How We Fix Bugs In 36 Minutes Or Less

How We Fix Bugs In 36 Minutes Or Less

A couple of months ago I was working on my Carving Up Legacy With Microservices presentation when I was notified of a new github issue raised against the jobs platform my presentation was about. The development team were a few men down so despite being on leave I decided to take a look.

The bug was a simple oversight to do with dates. An upstream system wasn't validating date ranges correctly and we had trafficked a job advert before the job was live. I self-assigned the issue and posted a message to the team chat room saying I'd pick it up.

  • I pulled the latest commits
  • Re-ran npm install in case there were dependency changes
  • Ran the tests to ensure they passed
  • Wrote a failing test for the bug
  • Fixed the bug by adjusting the advert dates so they were always within range
  • Re-ran the tests (they passed)
  • Committed and pushed.

Our build for this service takes about 50 seconds and the continuous deployment to our first test environment a further 20. Booking a job into the test environment confirmed the fix had worked so I logged into Jenkins and checked there were no other builds since the last live release and clicked the promote to staging button. A short test later I promoted the service to live using the same process, reindexed the affected job, verified the advert had been removed and closed the issue. The time from bug report to closure was 36 minutes.
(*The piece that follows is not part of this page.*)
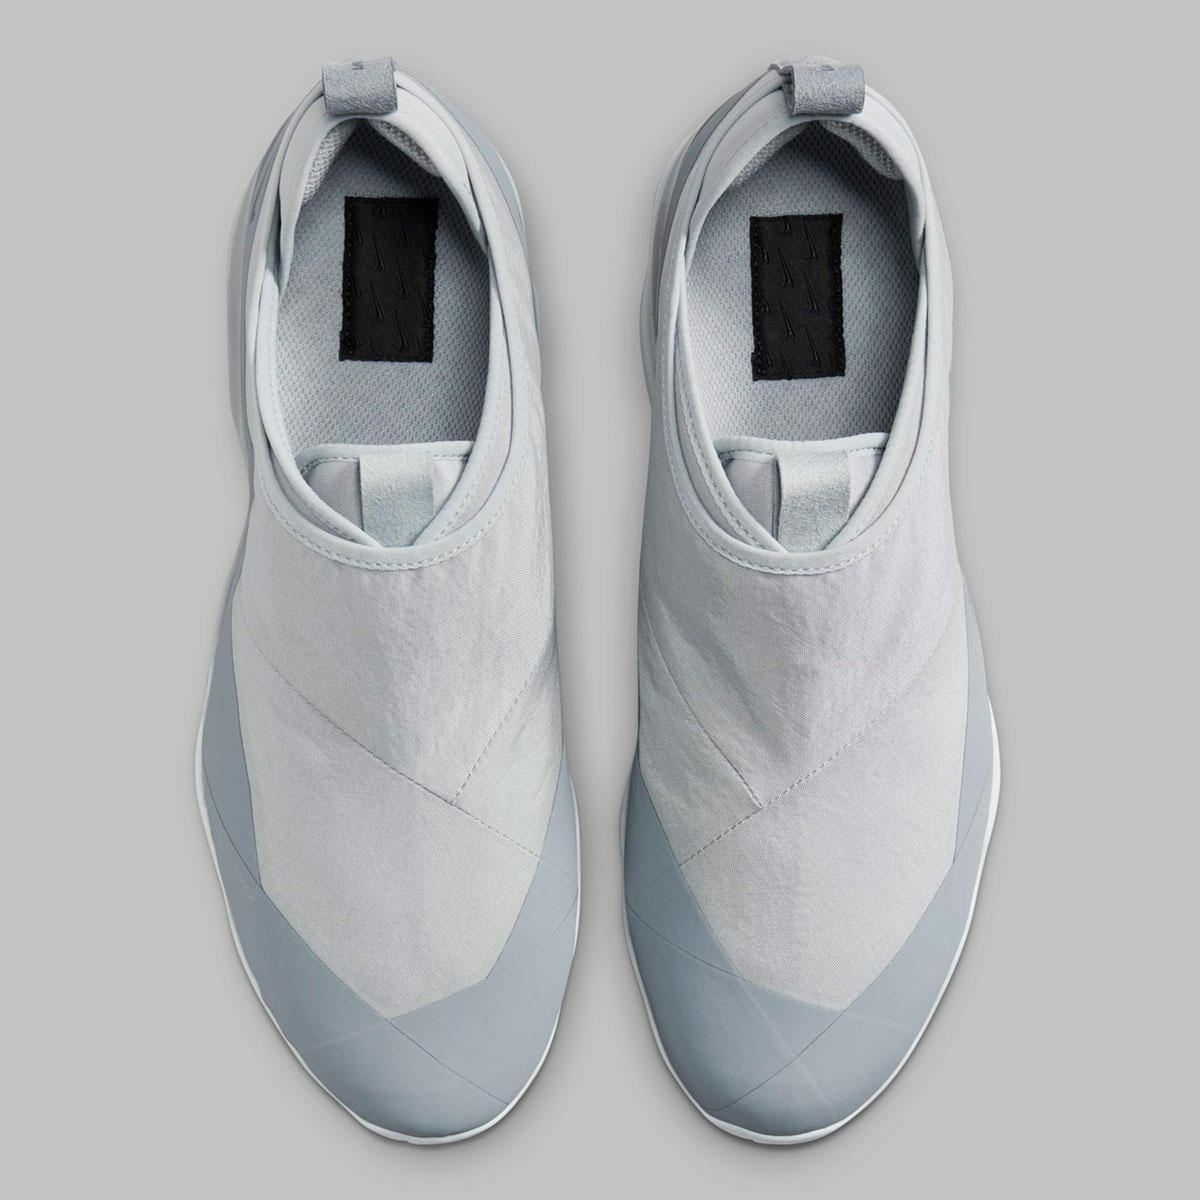 Nike Zapatillas Court Borough Low 2 Jr Niño Sneakers Blanco 9C Cool Grey Dz7273 002 5

The first thing to come clean about is that we don't always fix our bugs in 36 minutes or less, but at least we have a system that makes this possible. The team has a high degree of autonomy, so we don't need to ask permission to perform releases. Our promotion process is fast and triggered by a single click, so occasionally even business users trigger releases. However the most significant factor in making this possible is the microservice architecture. Writing microservices means

  • There's less code to checkout
  • Fewer dependencies to install
  • Fewer tests to run

but this is just the cherry on the cake. When you get microservices right, you can deploy them independently without fear. We are in the habit of deploying changes immediately, so we have no software inventory. Consequently, when fixing a bug, the code you have locally is the code that's in live. No branching or merging, no investigation to see if the unreleased changes are safe.

Adopting a microservice architecture comes with many problems. One of the principles of systems is you never reduce complexity, you only redistribute it, and as John Pither remarks in his excellent blog post, "The tightrope is to avoid bringing in complexity to manage complexity".

Developing software has never been without challenge, but the 36 minute bug fix testifies that if you manage to successfully walk the tightrope, the benefits of microservices are are real.